In copertina vignetta di Carlo Lazzaretti


L’Italia è un Paese pronto a piegarsi ai peggiori governi, è un Paese dove tutto funziona male, come si sa. È un Paese dove regna il disordine, il cinismo, l’incompetenza, la confusione. E tuttavia, per le strade si sente circolare l’intelligenza, come un vivido sangue. È un’intelligenza che, evidentemente, non serve a nulla. Essa non è spesa a beneficio di alcuna istituzione che possa migliorare di un poco la condizione umana. Tuttavia scalda il cuore e lo consola, se pure si tratta d’un ingannevole, e forse insensato, conforto.
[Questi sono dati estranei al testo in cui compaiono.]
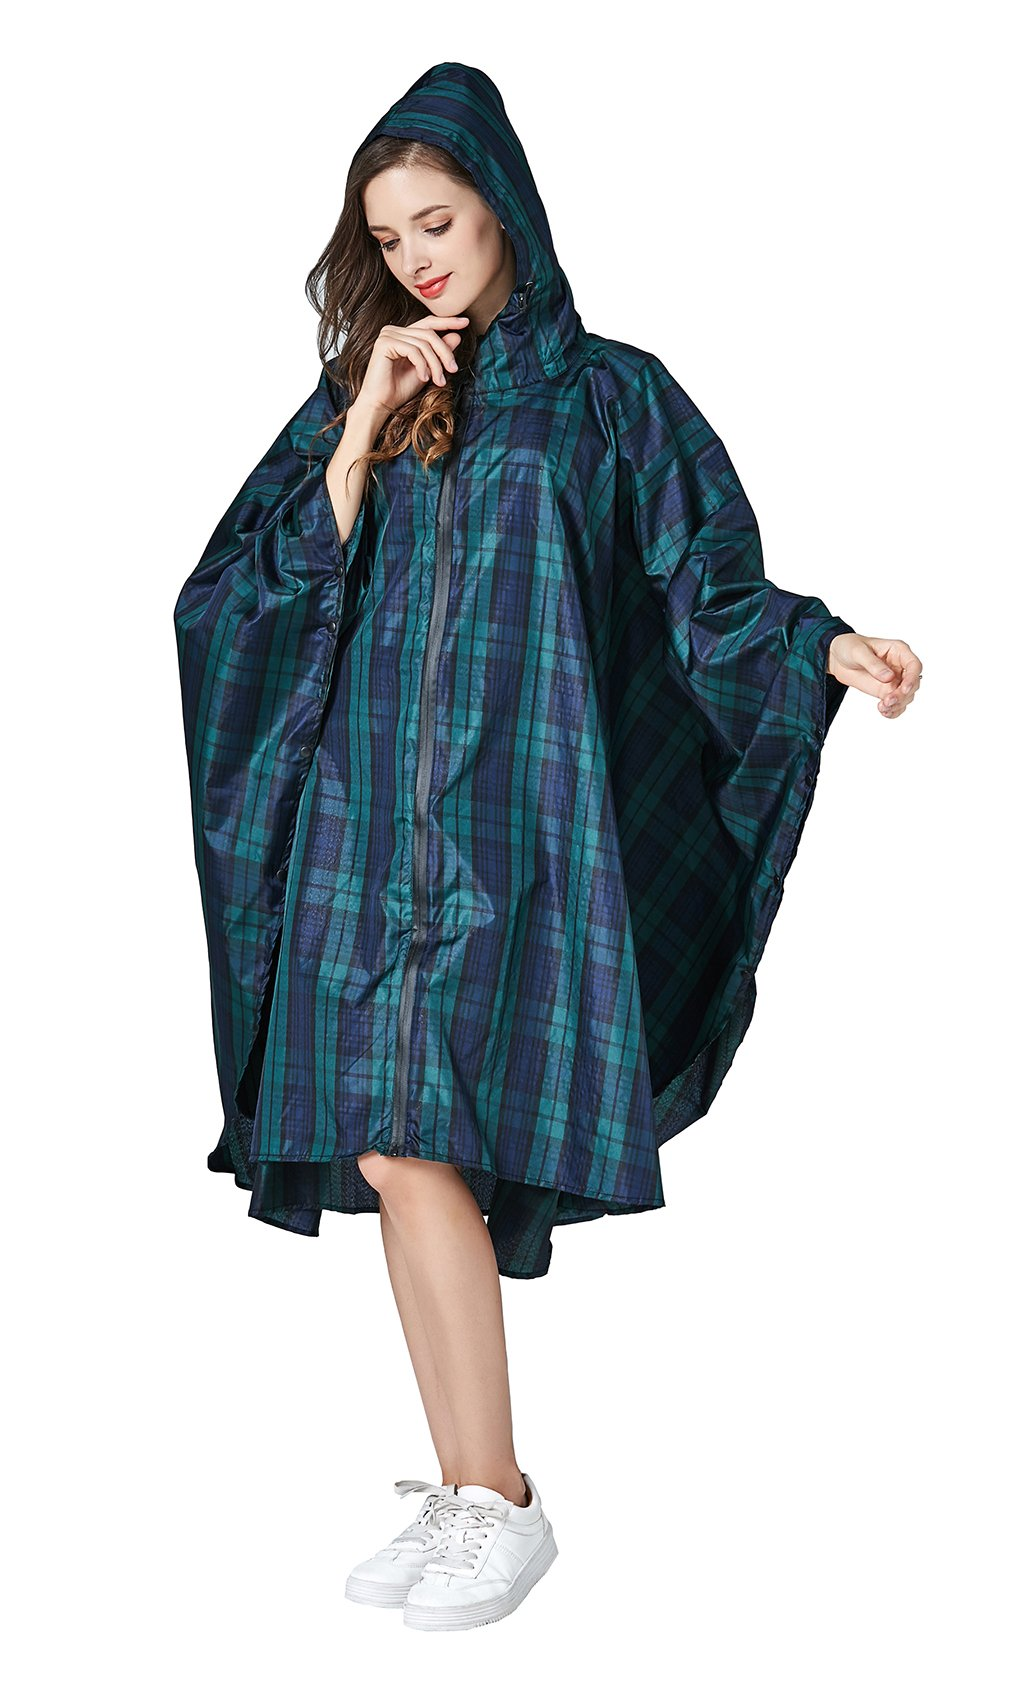 Women's Stylish Waterproof Rain Poncho Coloful Floral Print Raincoat with Hood and Zipper (Green Plaid, One Size)

da “Le piccole virtù” di N. Ginzburg


Fra trent’anni l’Italia sarà non come
l’avranno fatta i giovani
ma come l’avrà fatta la televisione.

(Ennio Flaiano)


In Italia nasciamo
Catoni e Cincinnati
Ladri? Ma non ne abbiamo
e i poveri avvocati
per non morir di stento
vanno a farsi le leggi in Parlamento.

(Lorenzo Stecchetti)


Premessa

Come vi renderete conto leggendo questo libro, esso è pieno di citazioni di persone più o meno famose, che scrivono sull’Italia e sugli italiani, alcune volte in modo speranzoso, altre in maniera drastica. Da queste considerazioni e dalle mie riflessioni emerge un libro satirico, a cui partecipa con il suo umorismo l’amico Marco Raja.
Anche la prefazione voglio iniziarla con le citazioni di due scrittori, uno straniero e l’altro italiano. ALAN FRIEDMAN ha scritto nel 1996 il libro “Il bivio” (L’Italia a metà strada tra crisi e transizione), ove nella sua nota si chiede: “Dove va l’Italia? Che cosa succede in questo Paese tanto dotato di storia, cultura, bellezza ma anche, purtroppo, appesantito da mezzo secolo di partitocrazia a Roma, di mafia al Sud, e oggi dalla disoccupazione e da un’insopportabile pressione fiscale che lacerano la società, inasprendo i contrasti sociali e rendendo sempre più difficile la sfida incalzante del nuovo millennio?”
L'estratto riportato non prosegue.